→ Information shown

::::::

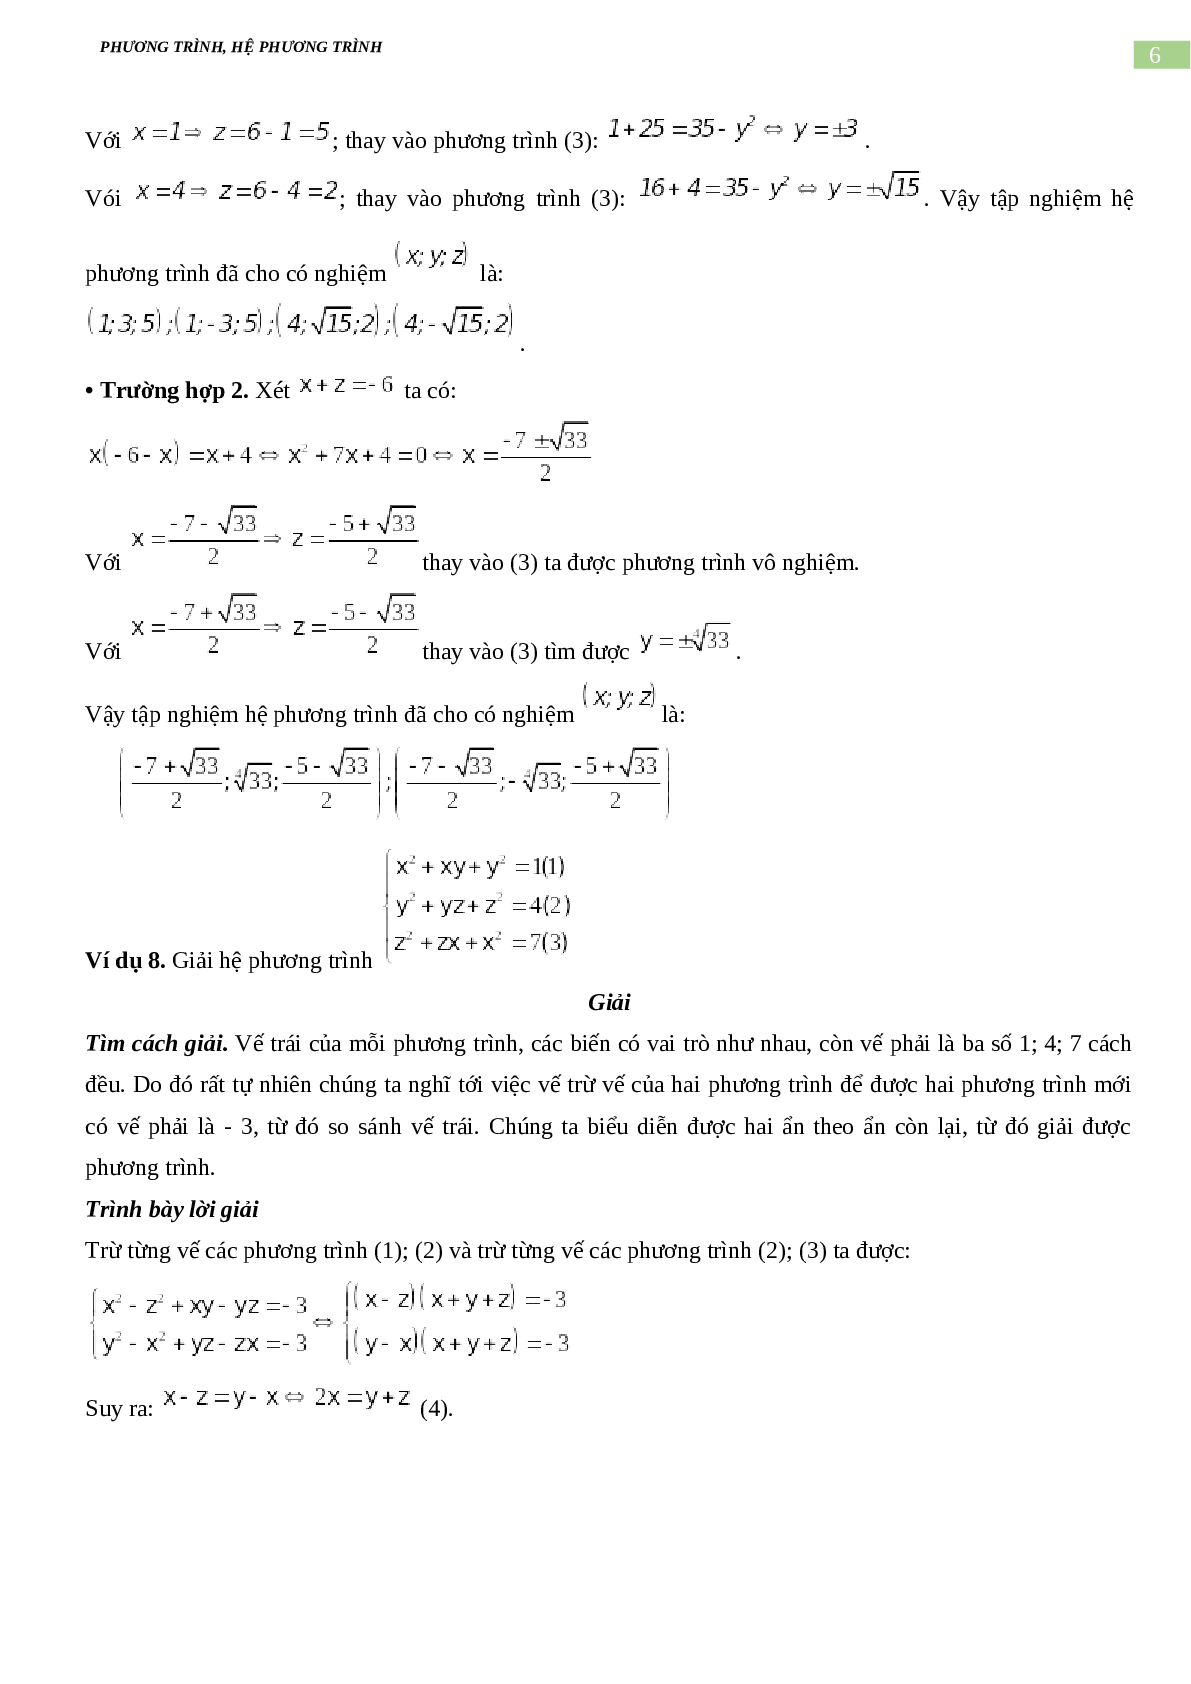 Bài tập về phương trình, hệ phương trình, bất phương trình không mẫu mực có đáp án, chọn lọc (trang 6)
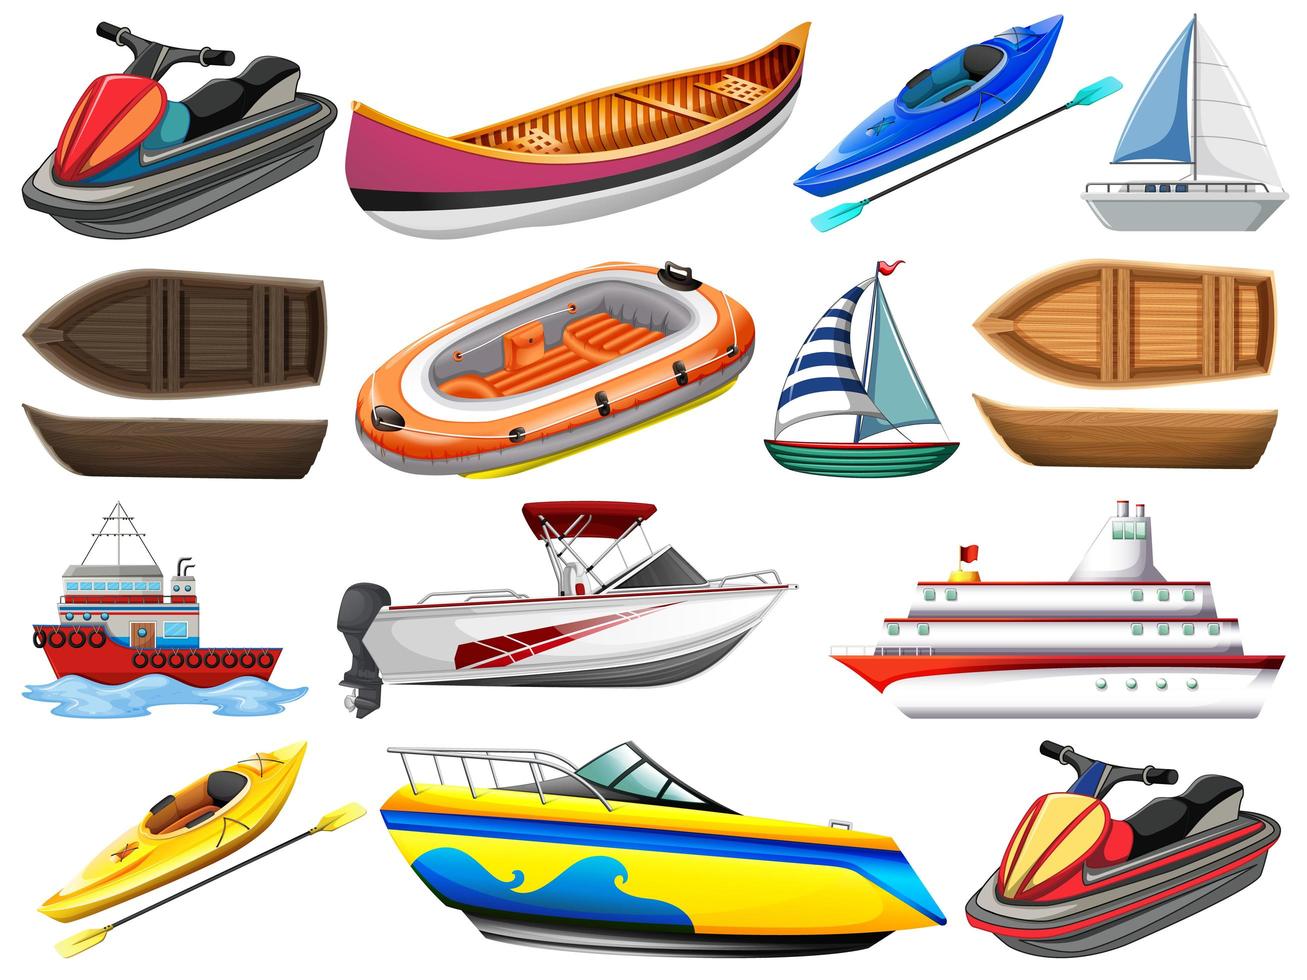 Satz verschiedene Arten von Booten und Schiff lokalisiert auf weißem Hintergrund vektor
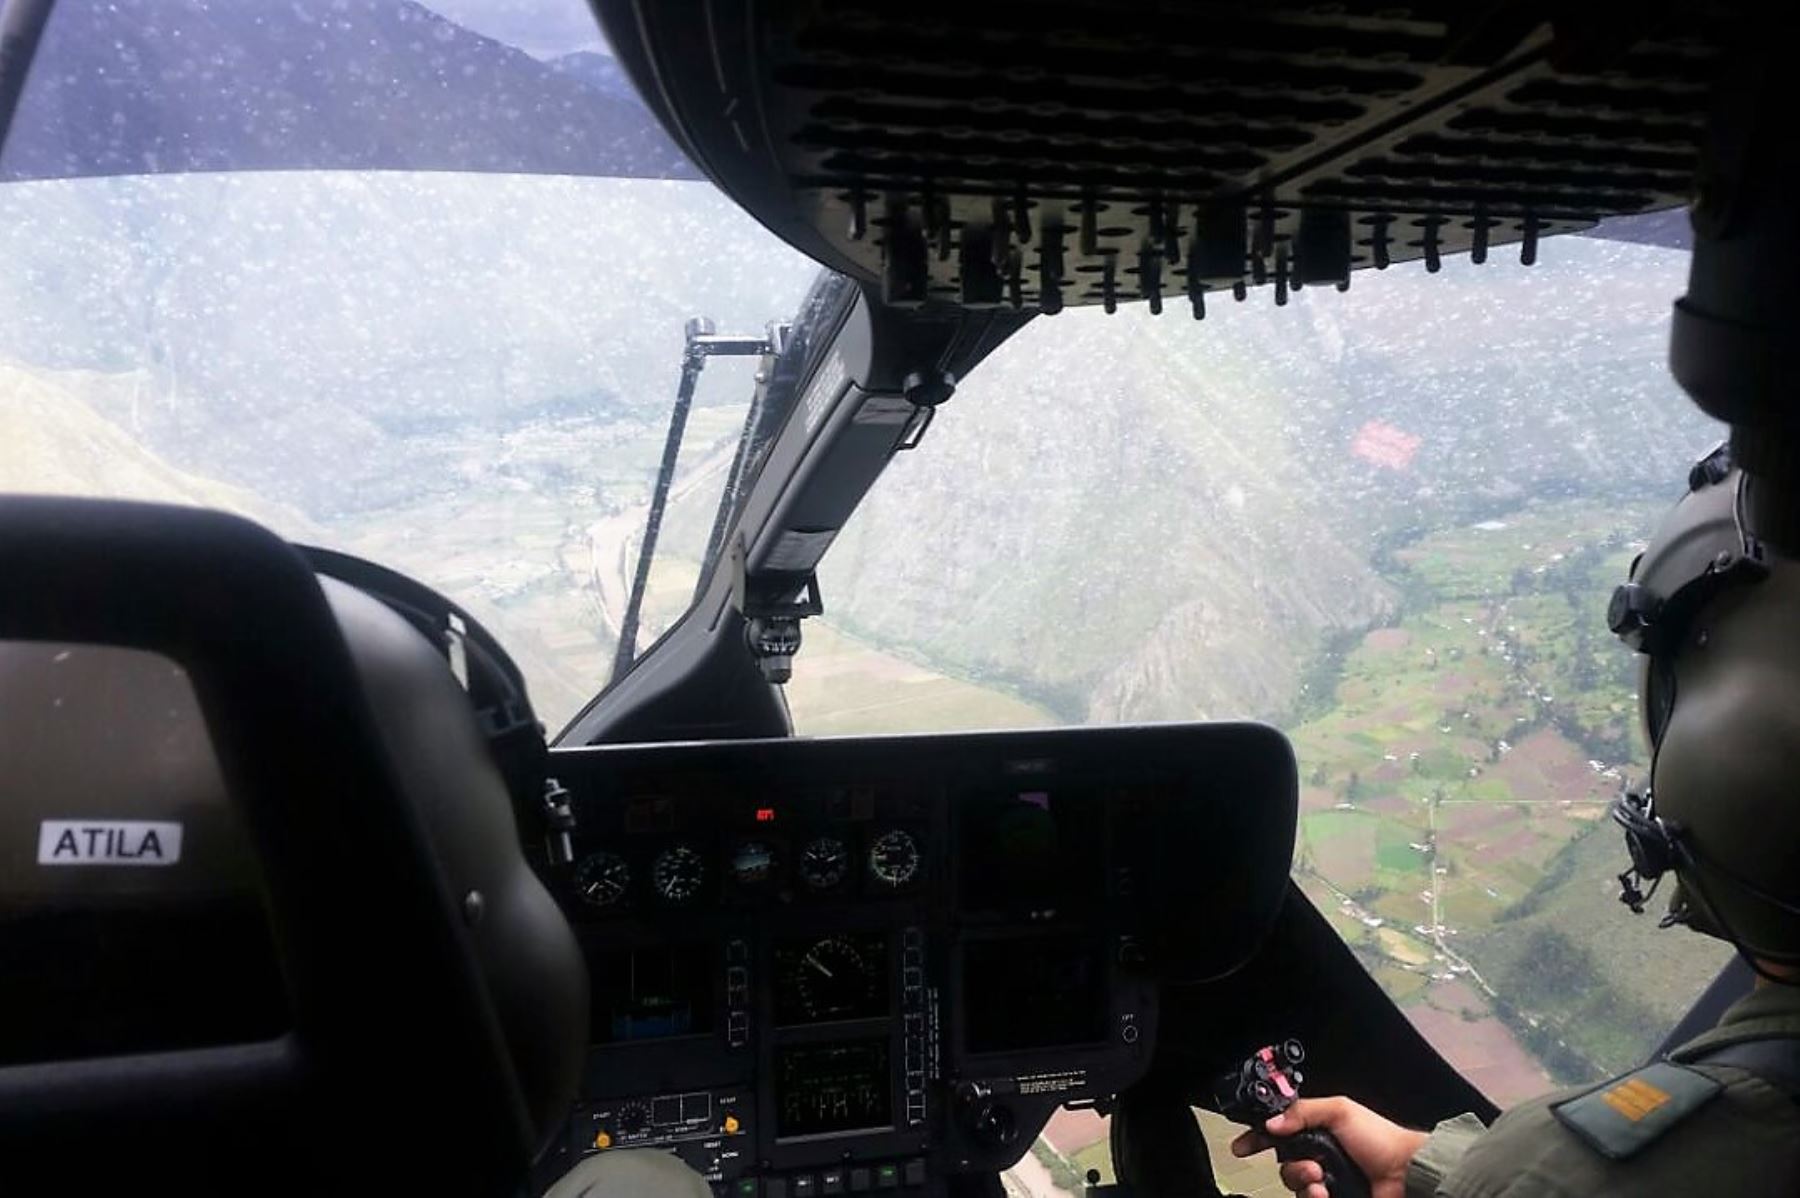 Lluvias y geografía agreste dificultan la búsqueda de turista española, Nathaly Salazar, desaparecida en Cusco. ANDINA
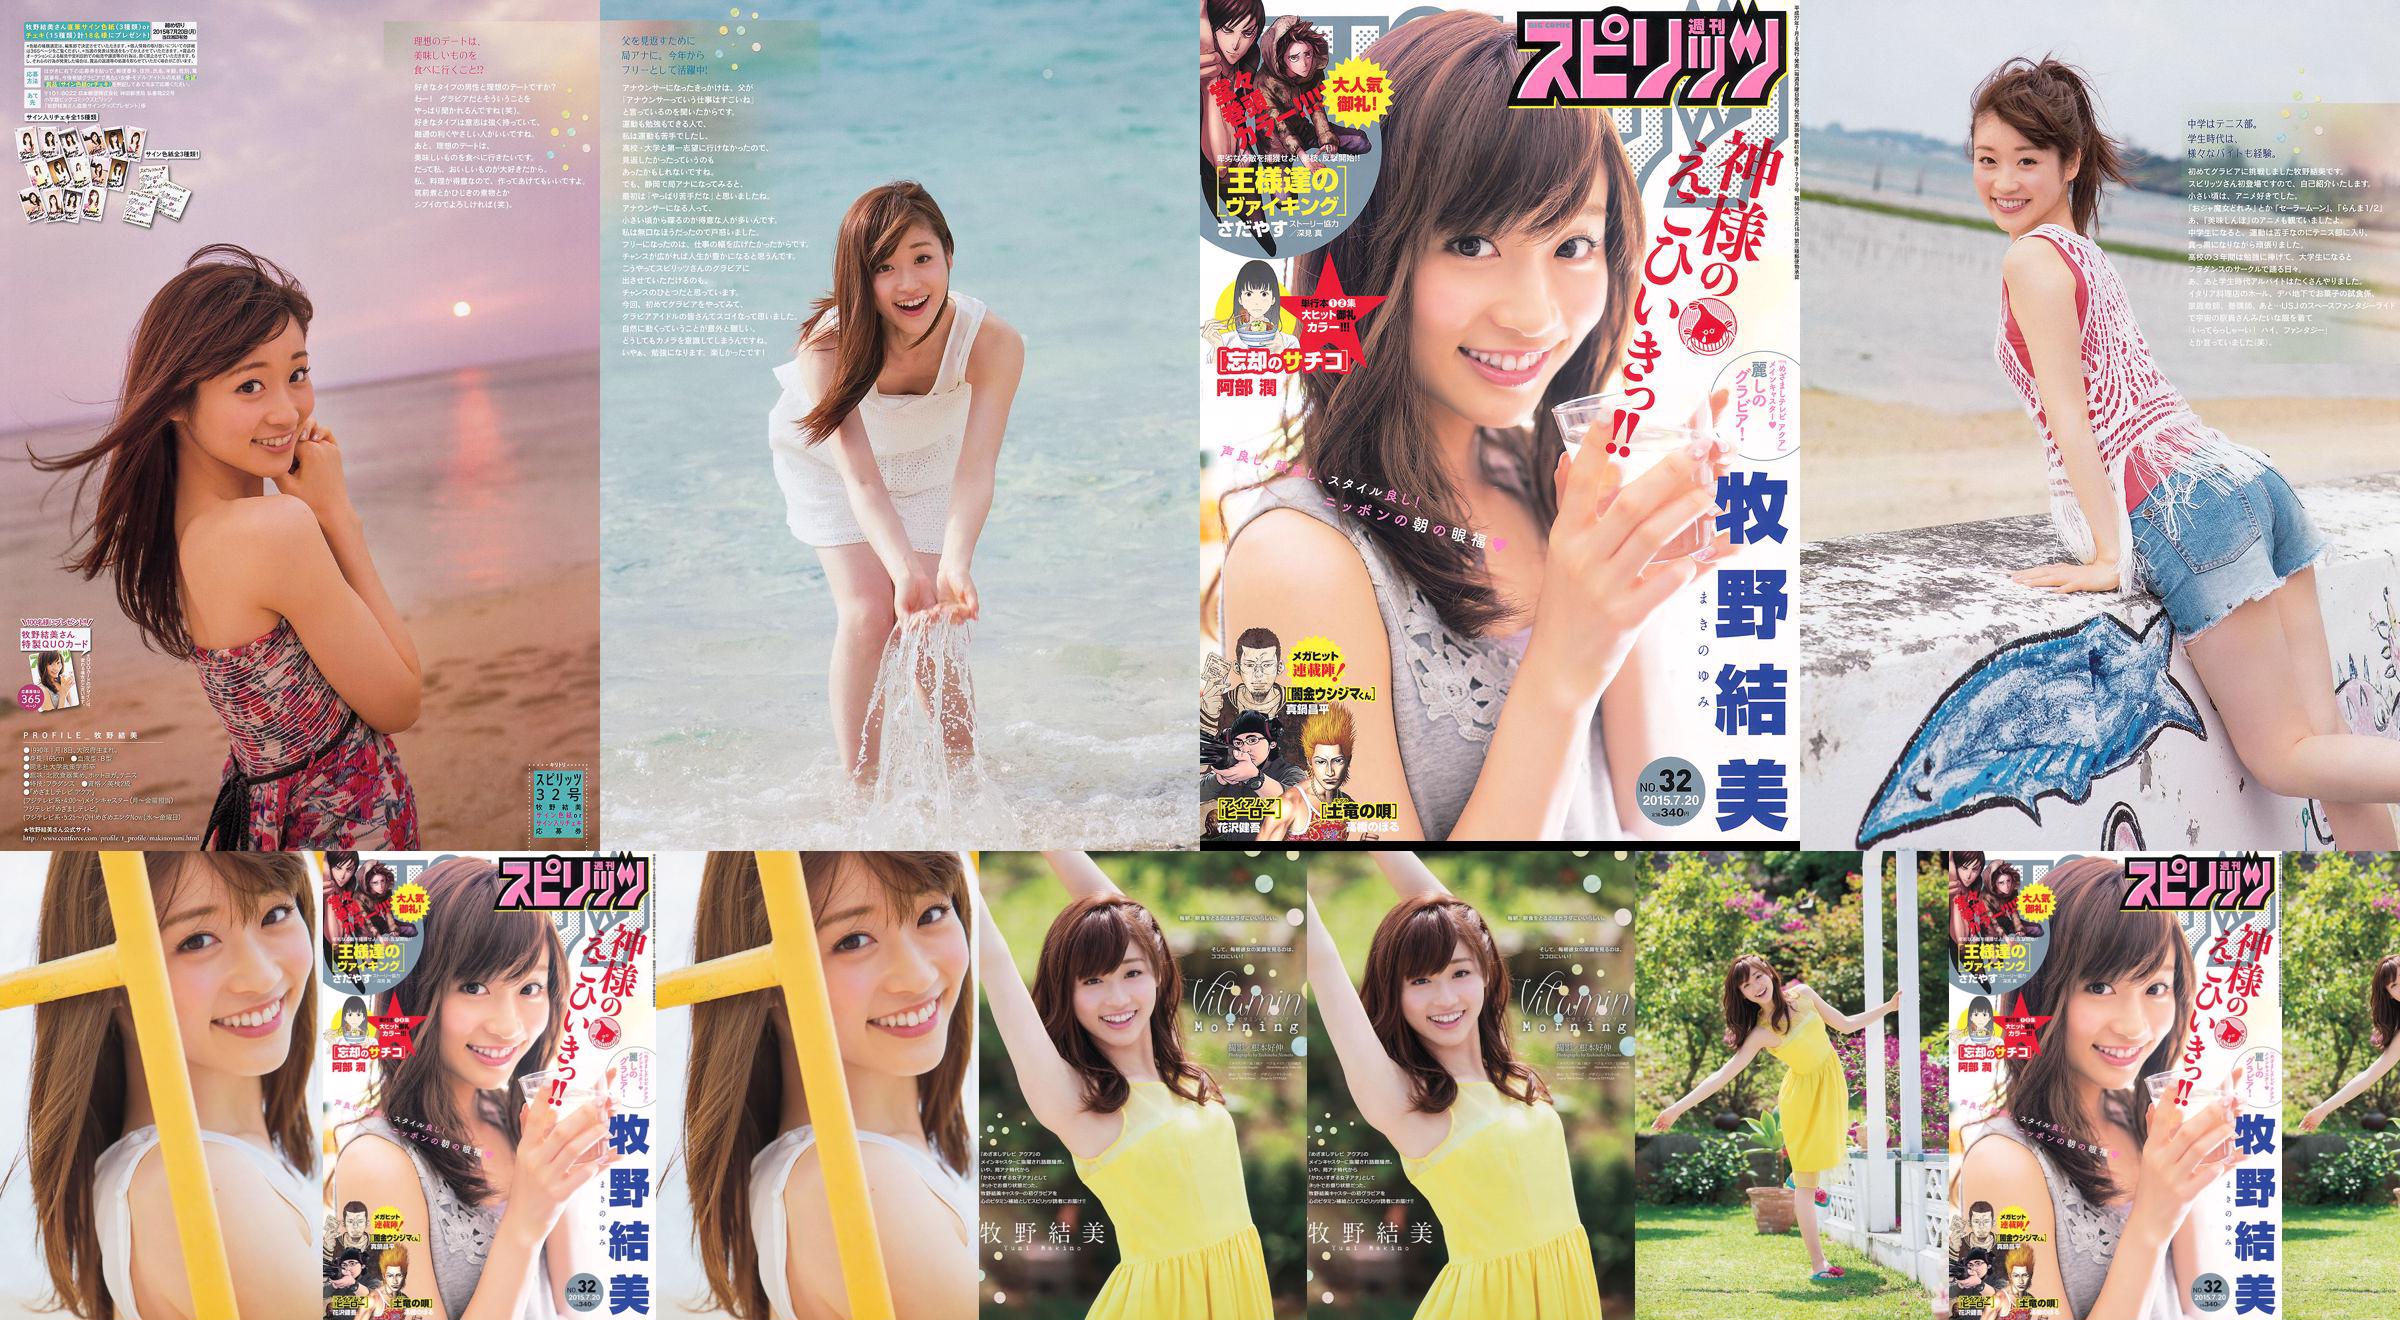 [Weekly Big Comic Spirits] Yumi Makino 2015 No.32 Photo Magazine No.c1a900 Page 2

::::::

→ Task goal
From the first line to the last, set down the data exactly, without the pictures.

→ Solution
 Bài tập về phương trình, hệ phương trình, bất phương trình không mẫu mực có đáp án, chọn lọc (trang 6)
 Satz verschiedene Arten von Booten und Schiff lokalisiert auf weißem Hintergrund vektor
 Lluvias y geografía agreste dificultan la búsqueda de turista española, Nathaly Salazar, desaparecida en Cusco. ANDINA
 [Weekly Big Comic Spirits] Yumi Makino 2015 No.32 Photo Magazine No.c1a900 Page 2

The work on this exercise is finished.